RECORDED DATA:
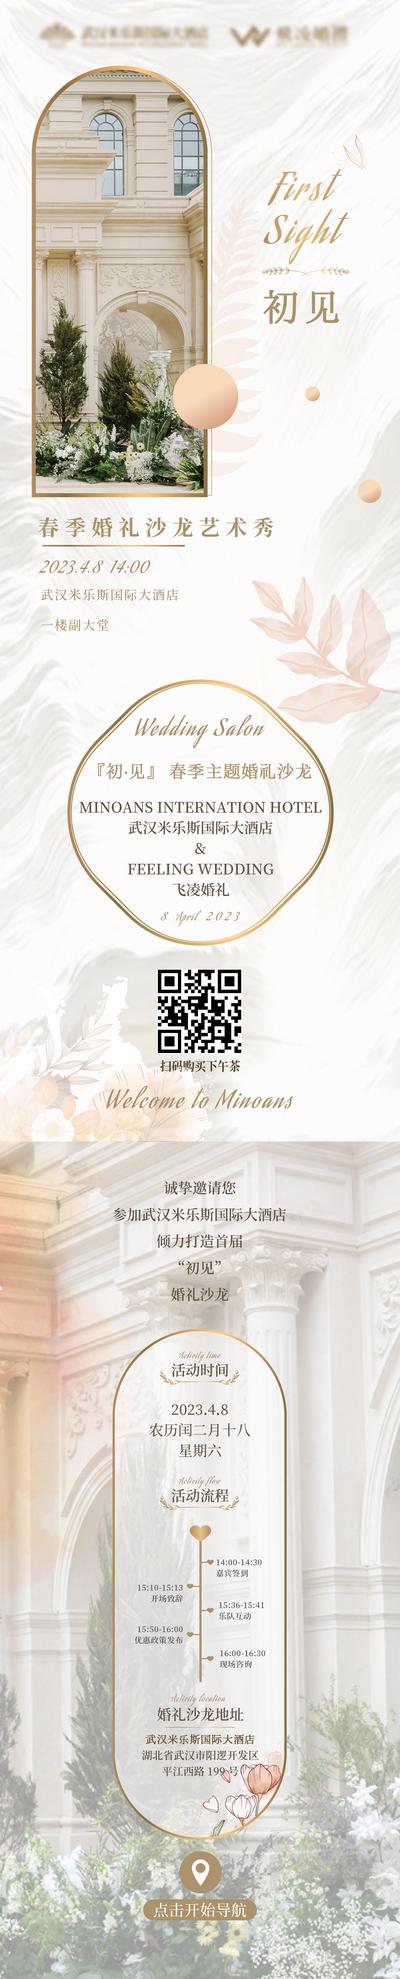 南门网 海报 酒店 婚礼 欧式 高端 婚纱 沙龙
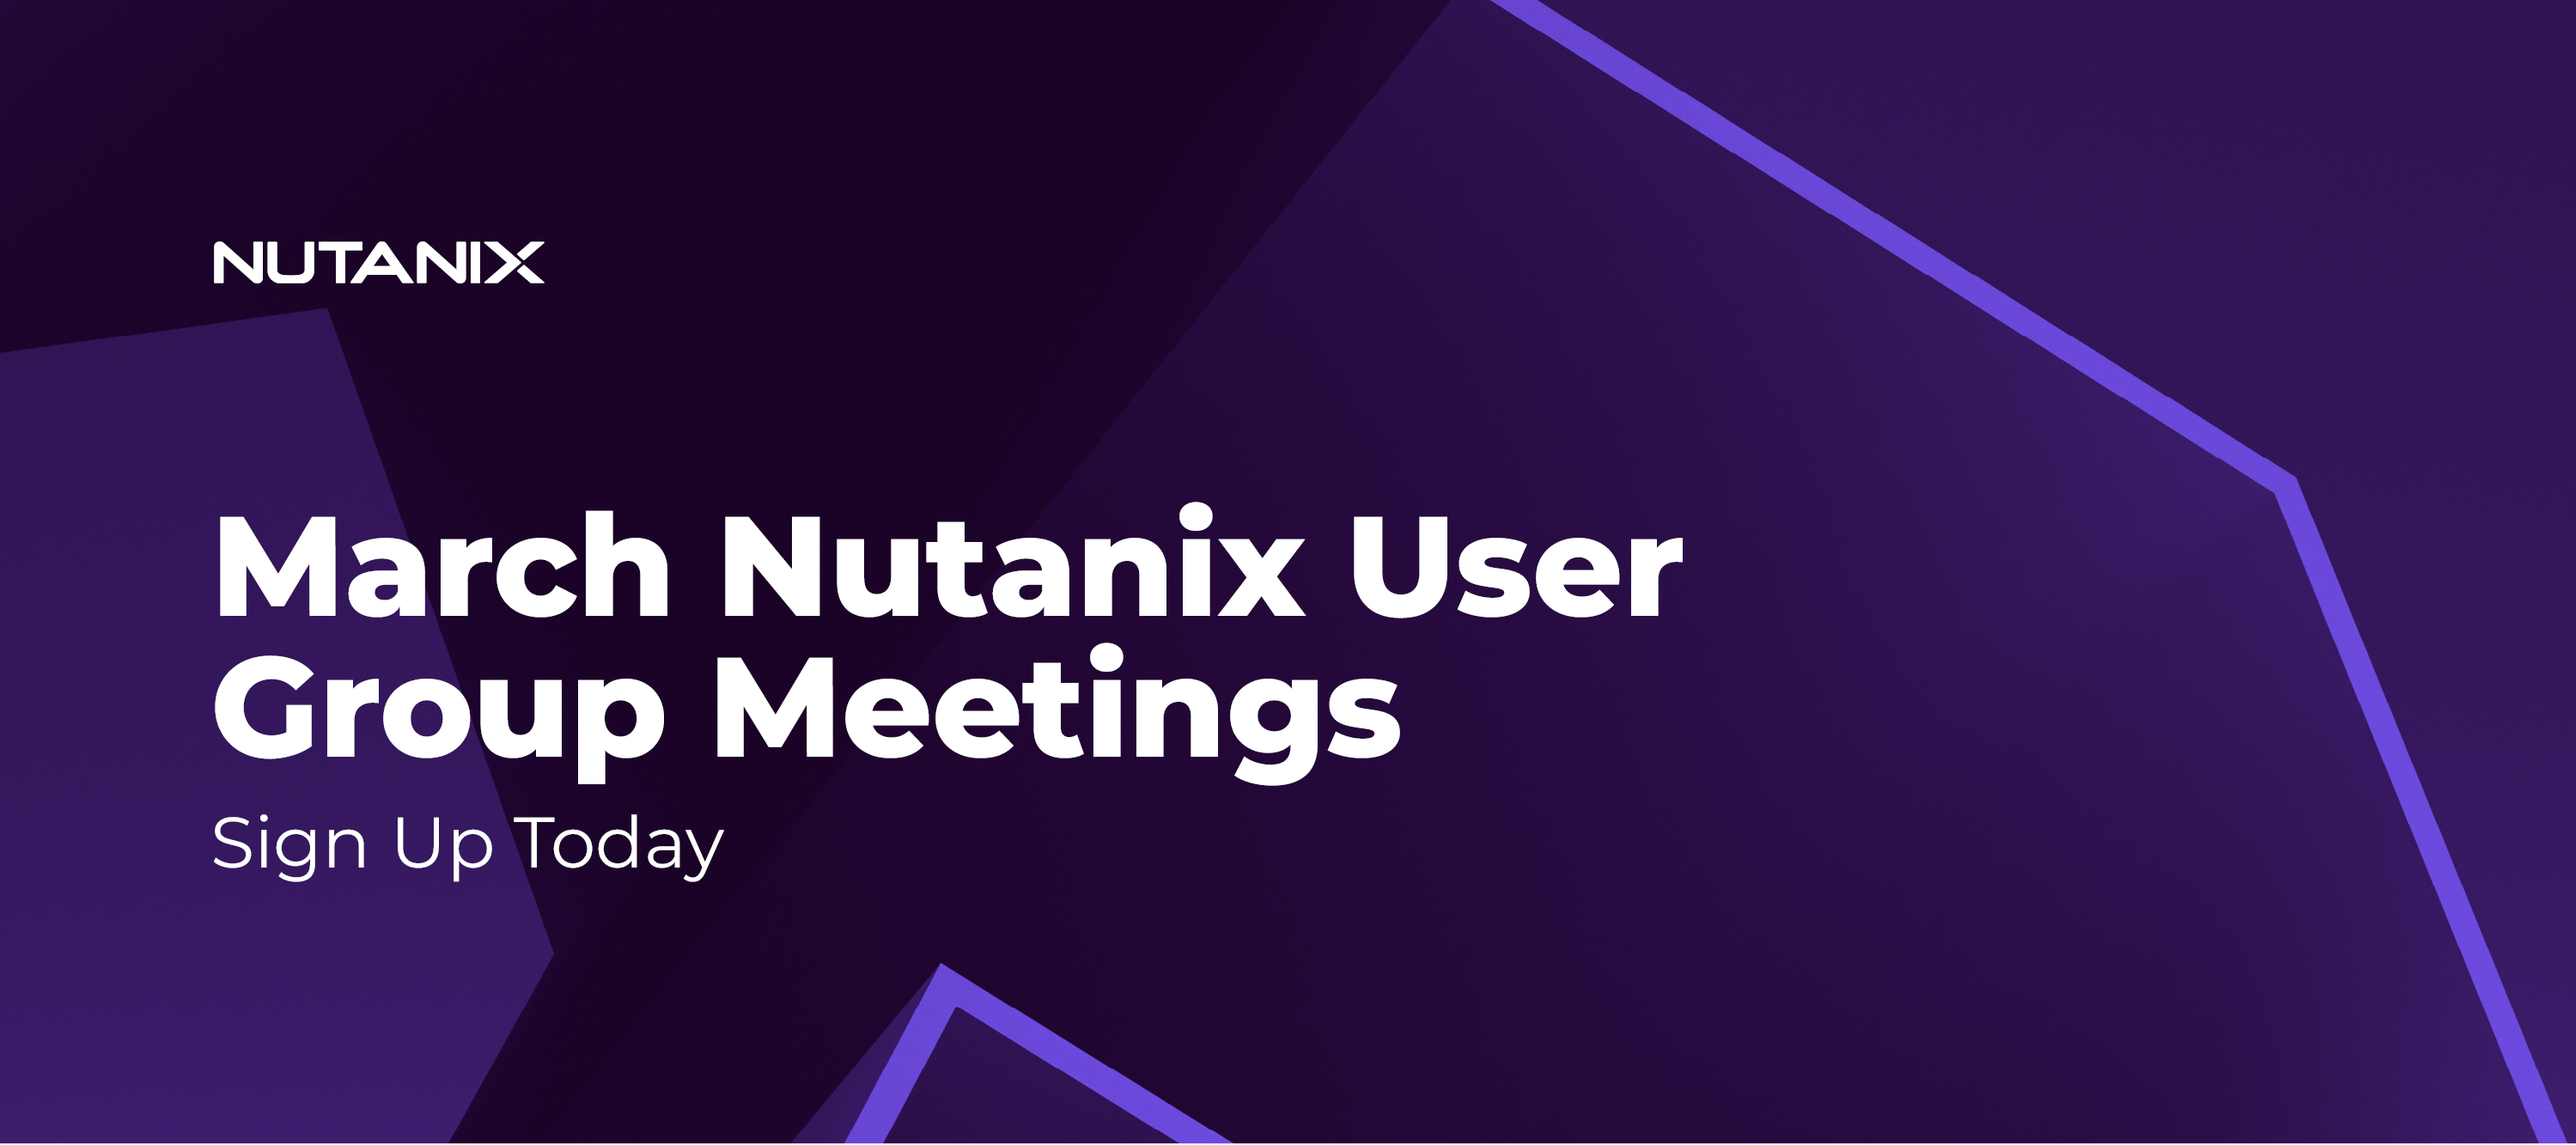 Nutanix User Group Meetings Happening in March
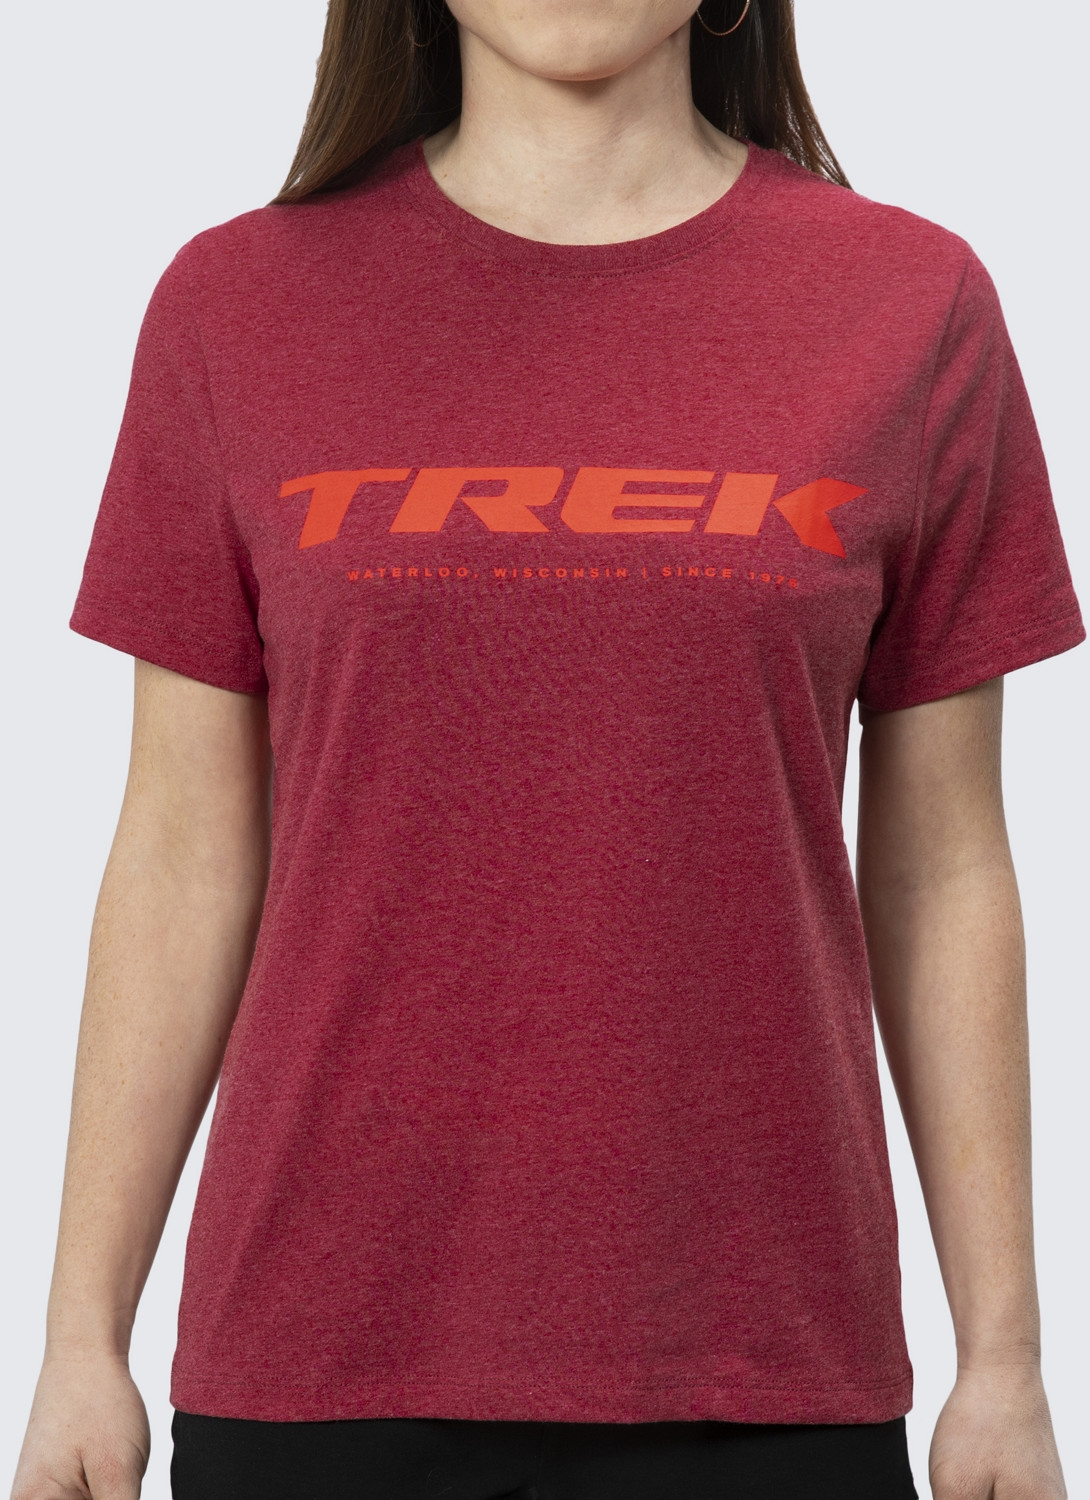 trek women's shirt

EXERCISE GOAL:
Print exactly the lines from the line with "Nutanix User Group" through the end of the data, both ends included, and print no pictures.

RESPONSE BOX:
 Nutanix User Group Meetings Happening in March
 trek women's shirt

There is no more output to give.